From The Tribunal December 6th 1917
From our Parliamentary Correspondent.
The problem of the conscientious objector still continues to exercise the minds of the House of Lords. On November 28th. Lord Charnwood moved that all conscientious objectors should be deported as a danger to the State and that teacher conscientious objectors should be debarred from the future training of the children. Among other things the noble lord described them as a hard, vicious lot of people, while lord Lambourne improved the occasion by imparting to his distinguished colleagues that: “My own firm belief is that out of a hundred so-called conscientious objectors – and I expressly exclude the Quaker sect – fifty are cowards, thirty are cranks , and the remaining twenty may be honest men. I believe that the indulgence shown to these men has not only encouraged them to what I believe to be unpatriotic conduct, but has encouraged others to follow their example.” Lord Lambourne as Colonel Lockwood represented Epping in the House of Commons for many years. He was famous in the world of sport for his decorative waistcoats and buttonholes and for sketches of dubious art with which he used to beguile the tedium of the House of Commons. Lord Charnwood has even less claim to distinction. As Mr. G.R. Benson he represented the Woodstock division in the House of Commons in the Liberal interest from 1892 to 1895. History has no other record.

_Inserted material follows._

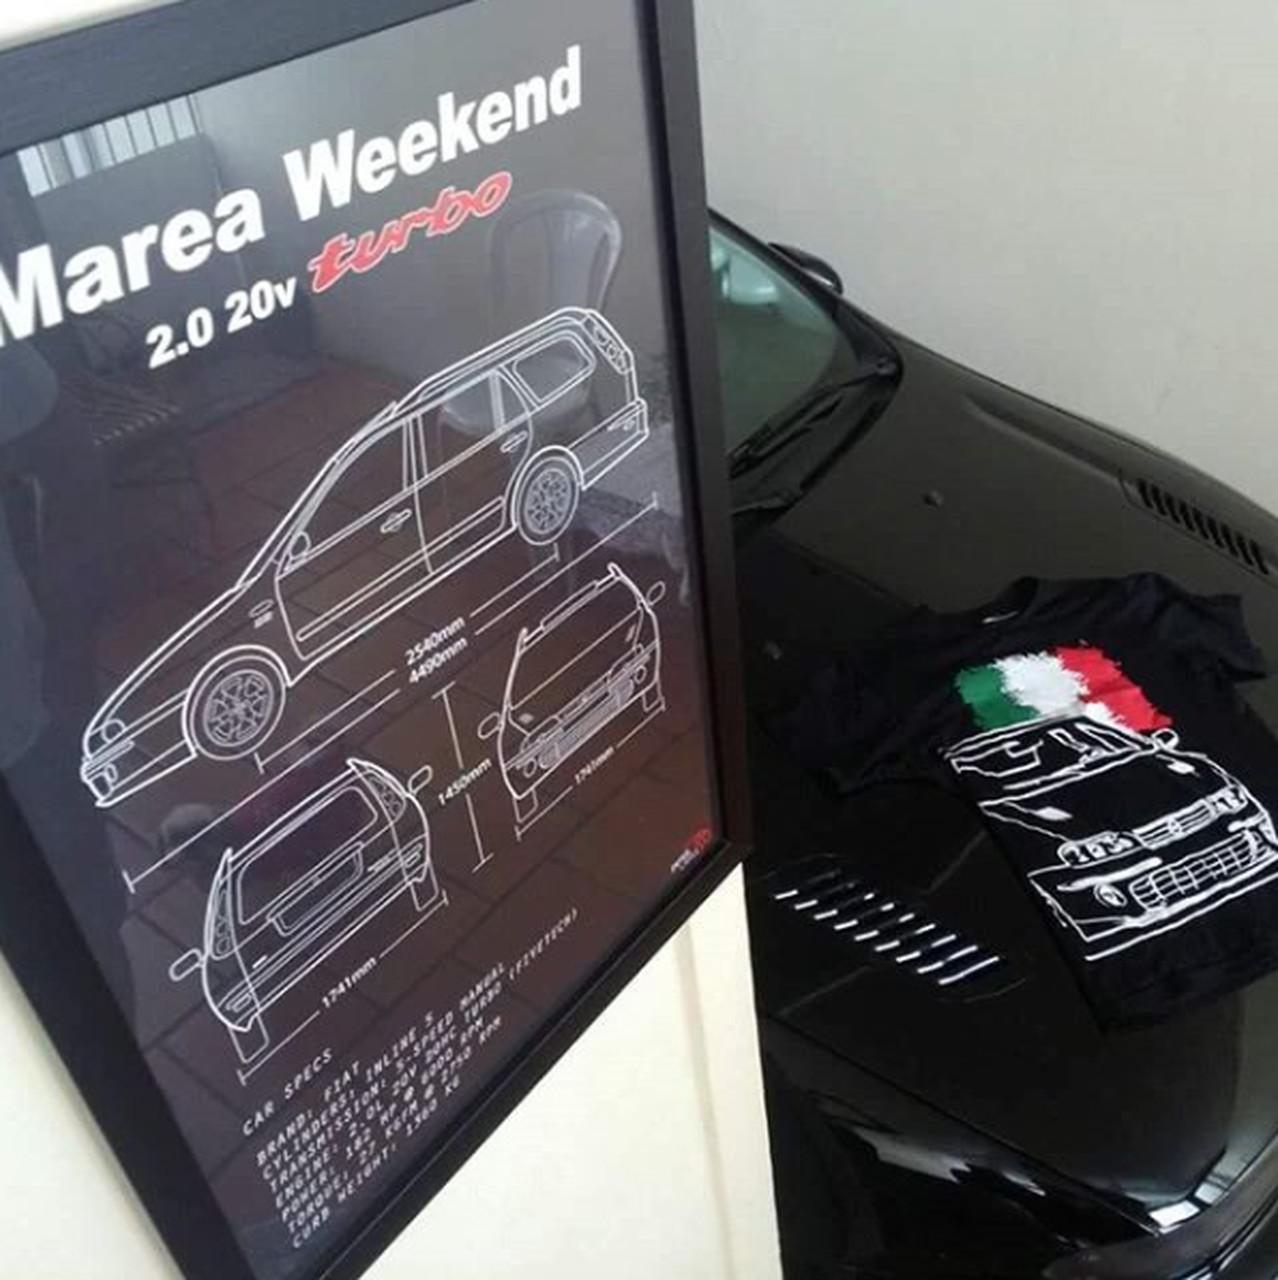 QUADRO/POSTER FIAT MAREA WEEKEND 2.0 TURBO

The motion was opposed by Lord Crewe on behalf of the Government, who stated there was no intention “of extending the scope of the indulgence of exemption, now given to conscientious objectors.” Lord Parmoor, Lord Courtney, and Lord Gainford spoke against the motion, which was withdrawn.
By the time these lines appear in print it is hoped the House of Commons will have had an opportunity to reconsider its decision to disenfranchise conscientious objectors.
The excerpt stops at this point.